### Work instruction
Using the listing below, retype only the lines from the line with "Pony-Weihnachten für Stella" through the end, both ends included, and exclude the pictures.

### Information shown
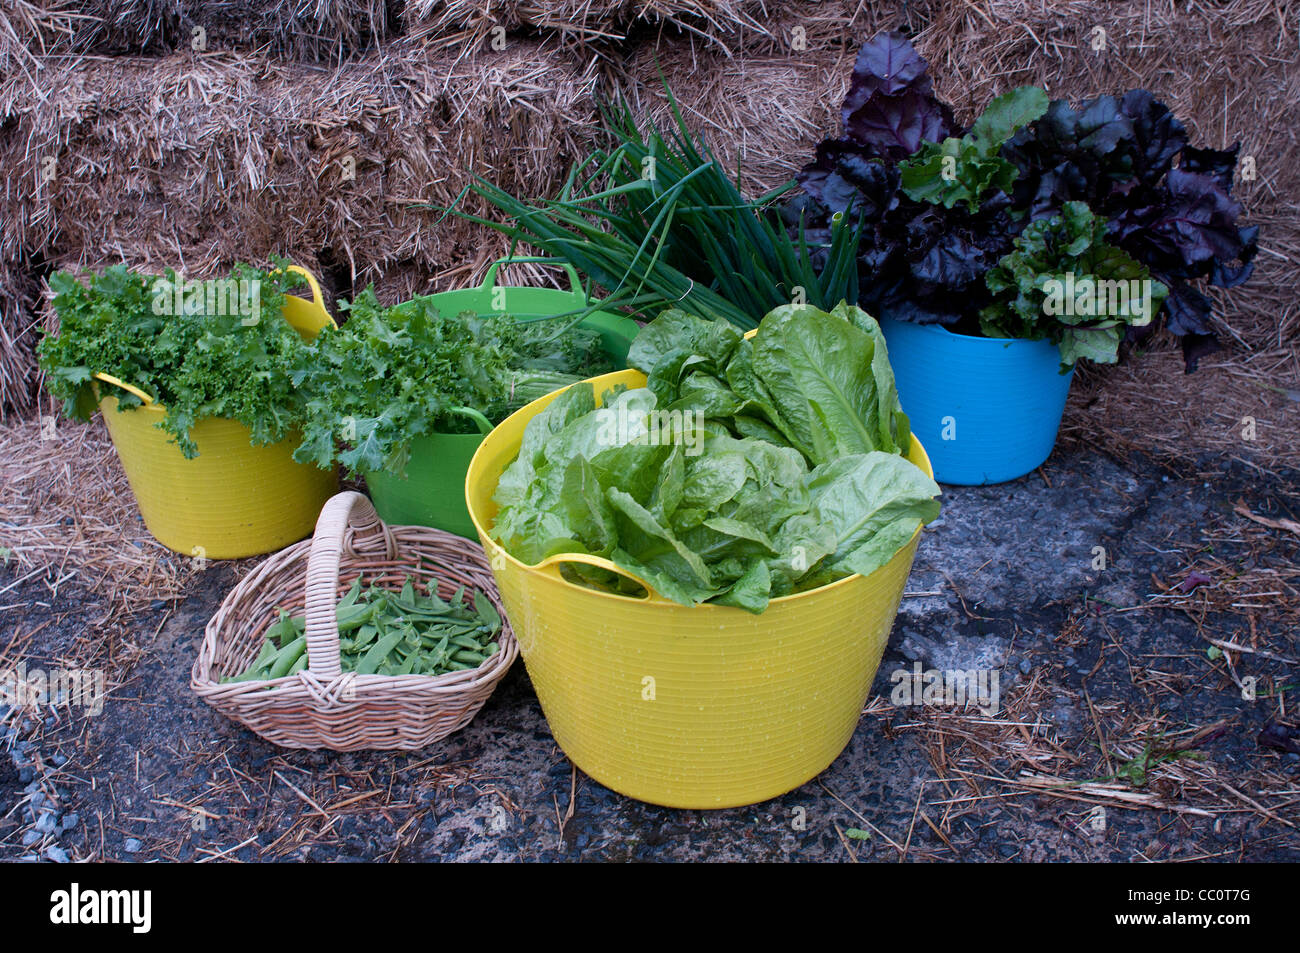 Salade de légumes verts récoltés et pois mange-tout dans du plastique trugs et panier Banque D'Images
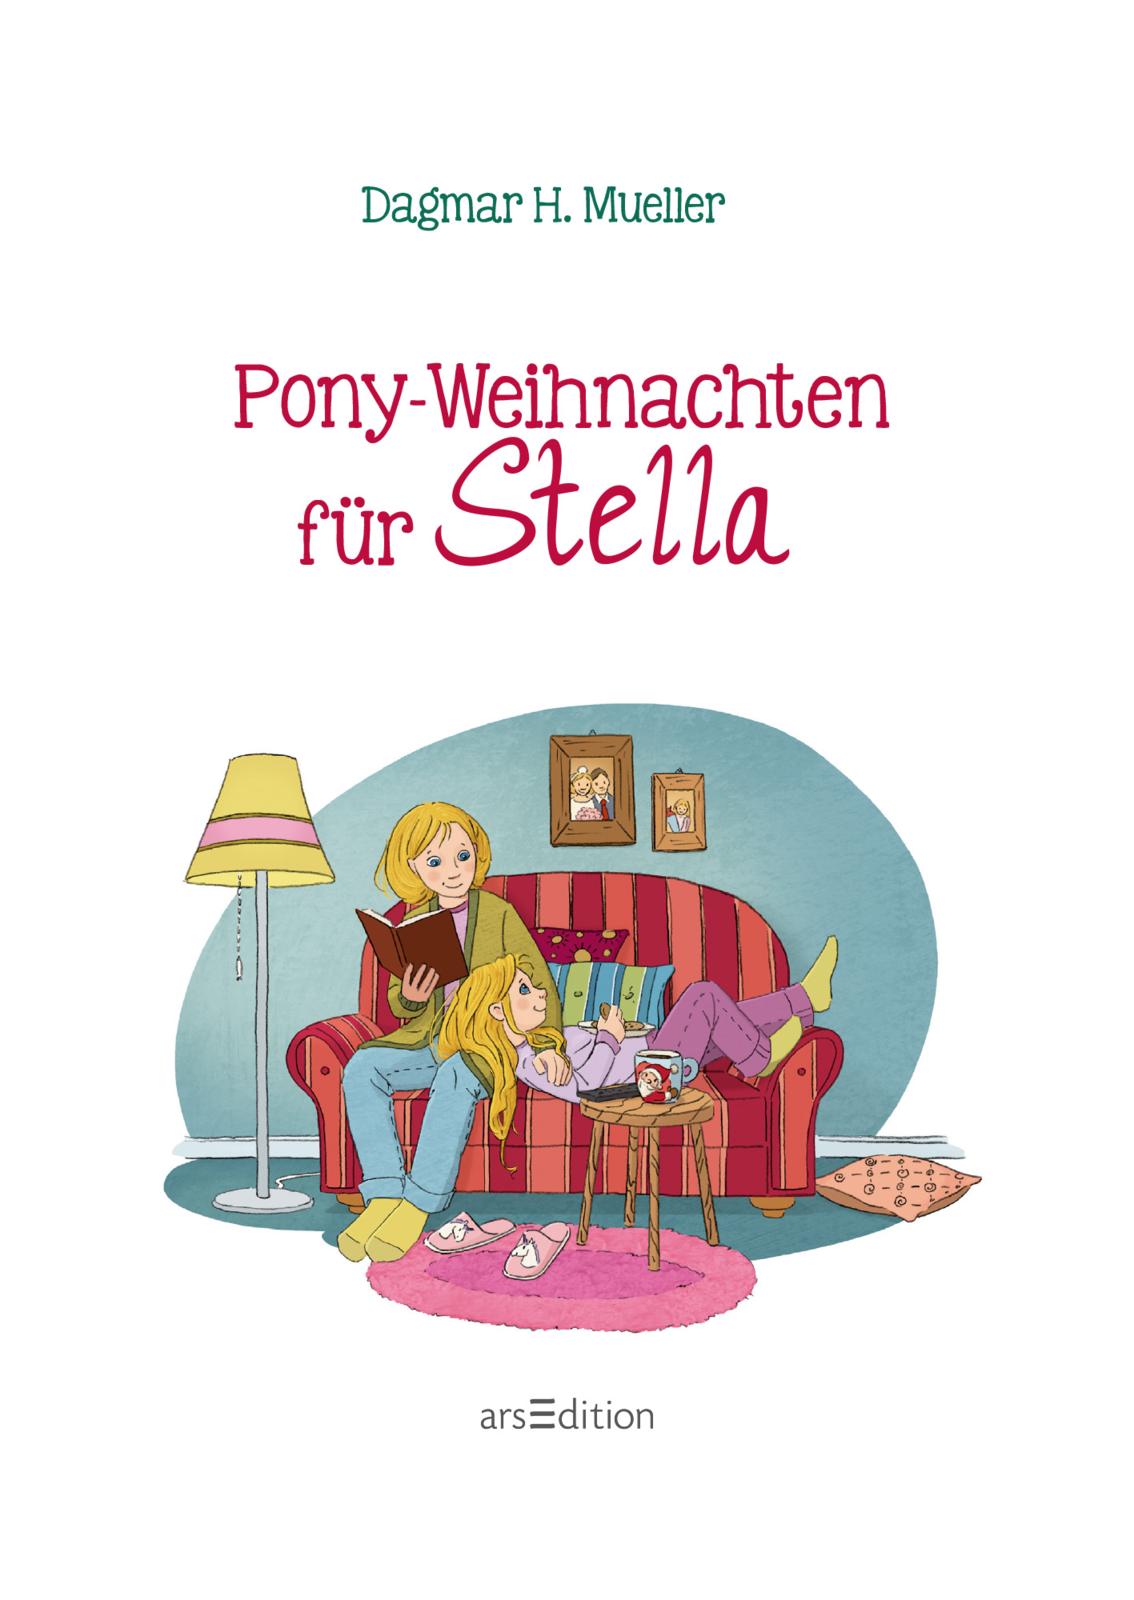 Pony-Weihnachten für Stella
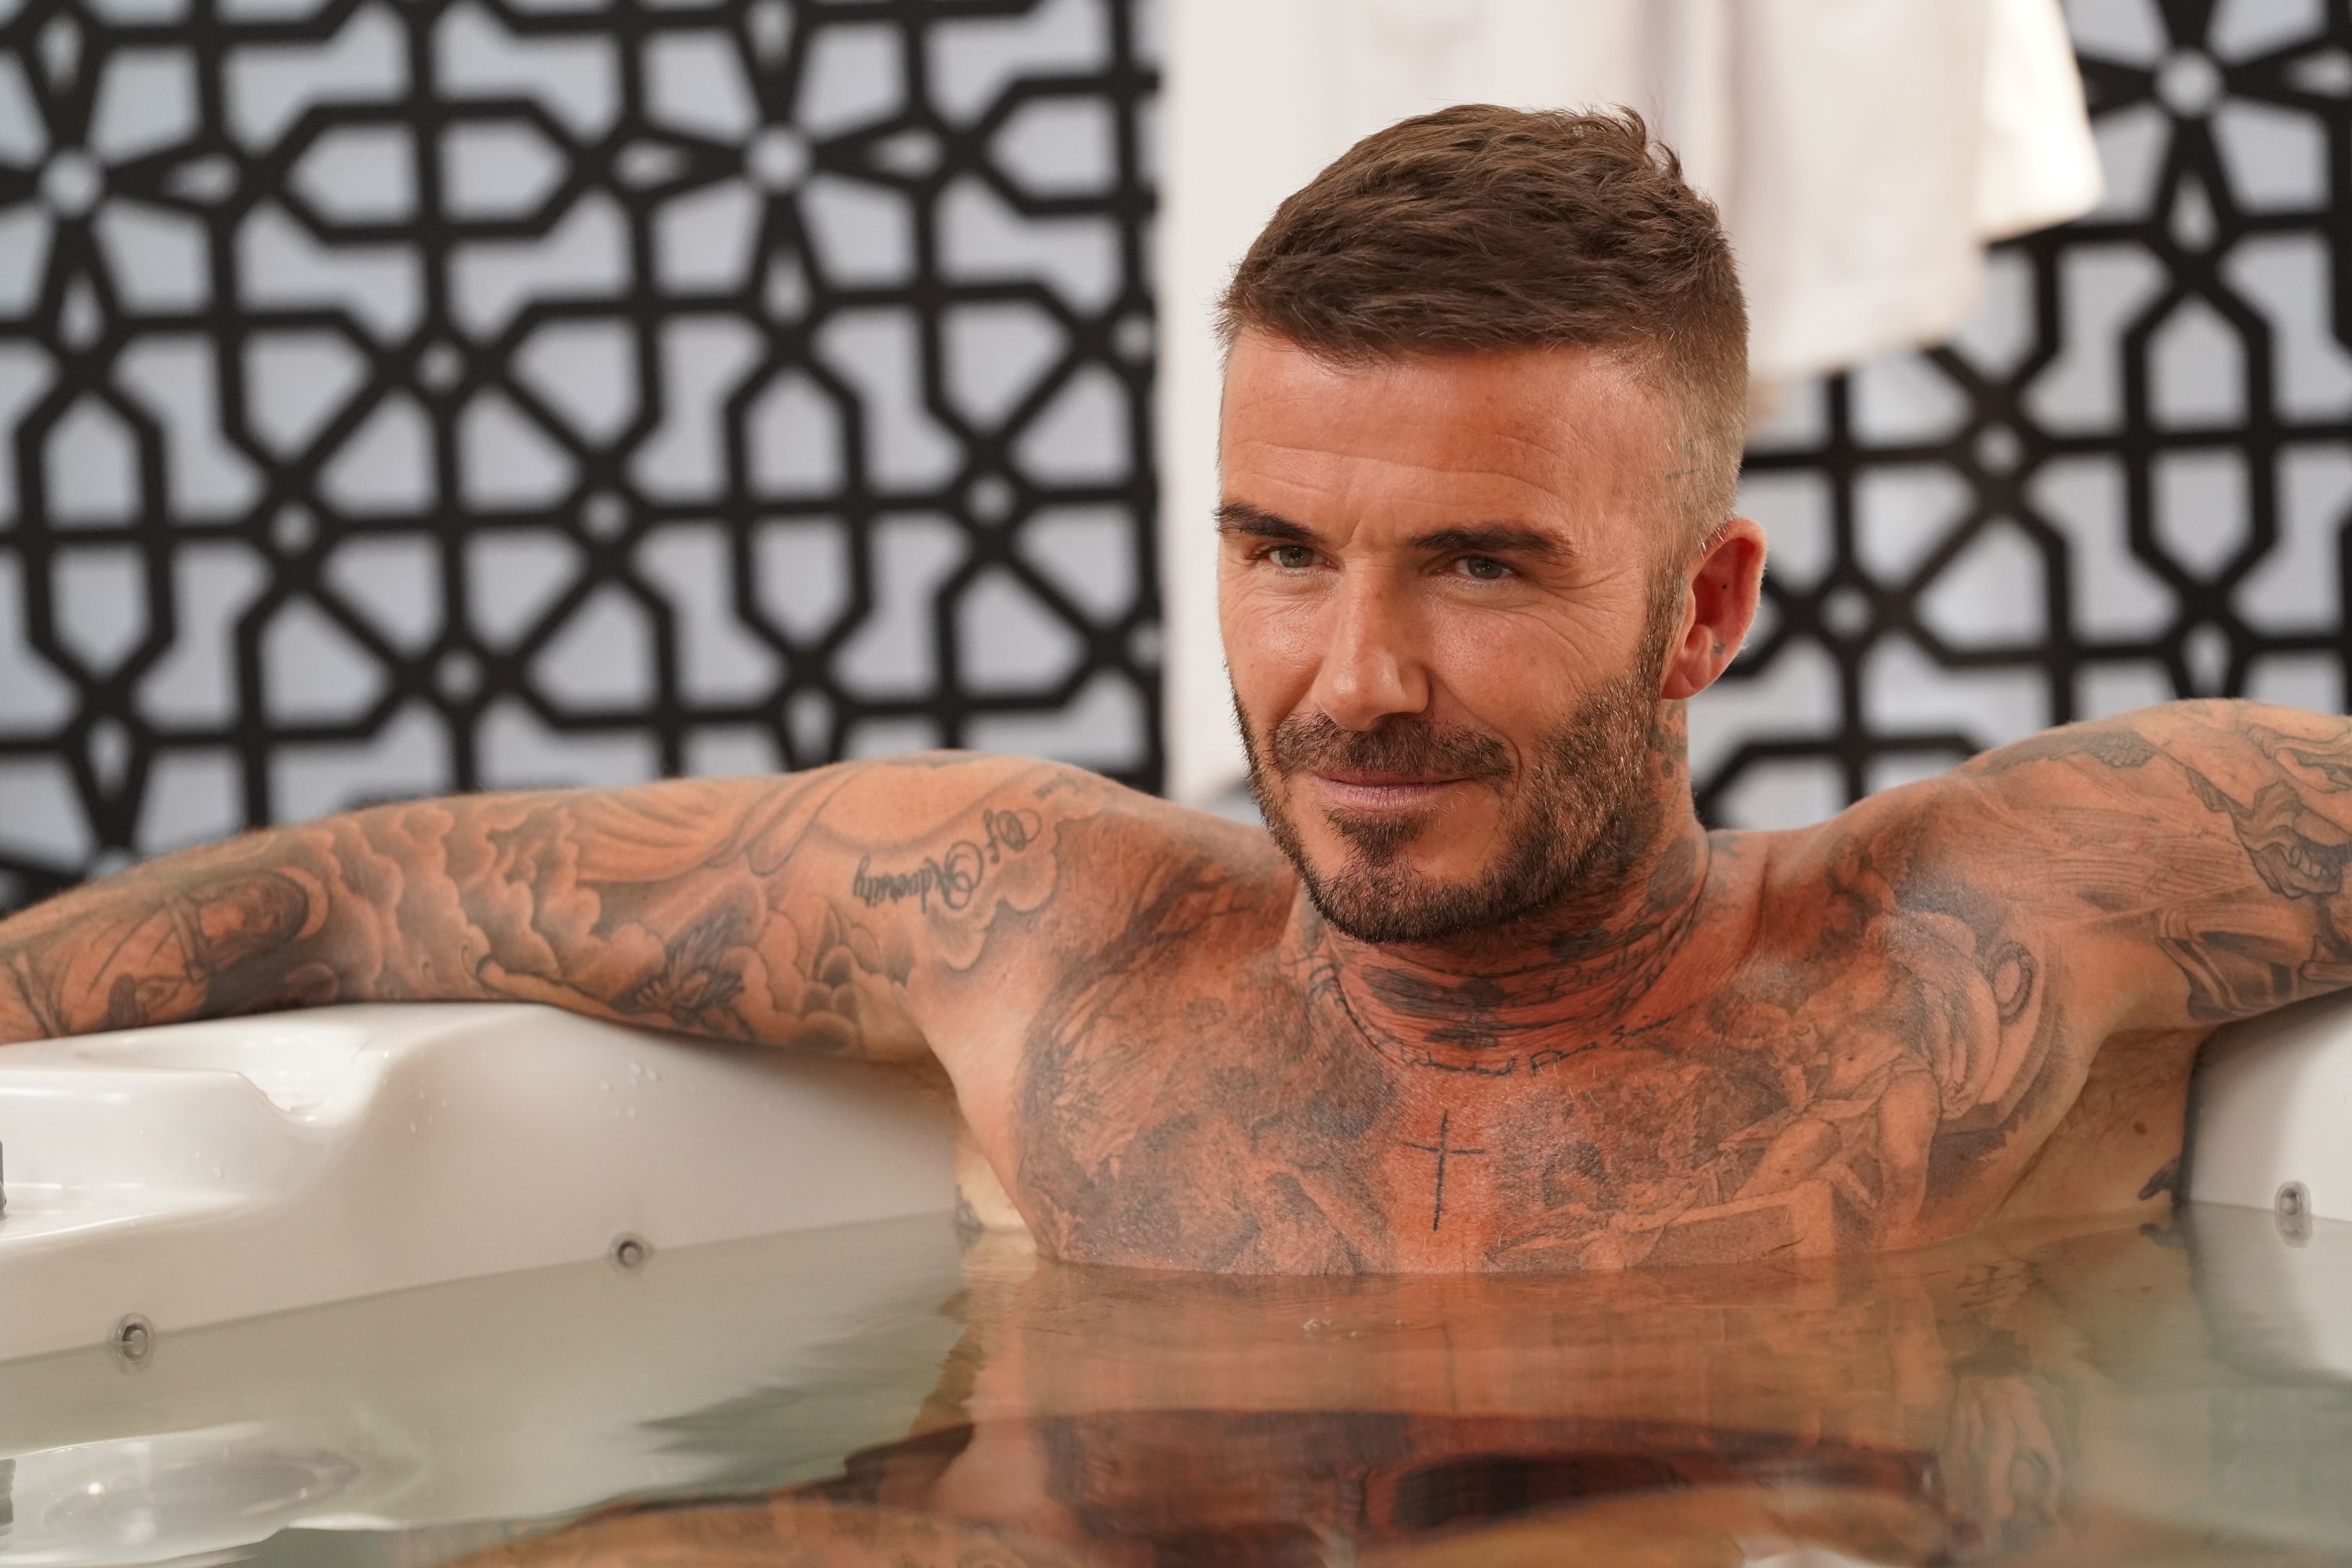 Xăm Việt Tattoo   David Beckham  Siêu cầu thủ với đam mê hình xăm David  Beckham được biết đến là một tượng đài săm sống Mỗi hình săm đều mang

### Answer for this exercise
 Pony-Weihnachten für Stella
 Xăm Việt Tattoo   David Beckham  Siêu cầu thủ với đam mê hình xăm David  Beckham được biết đến là một tượng đài săm sống Mỗi hình săm đều mang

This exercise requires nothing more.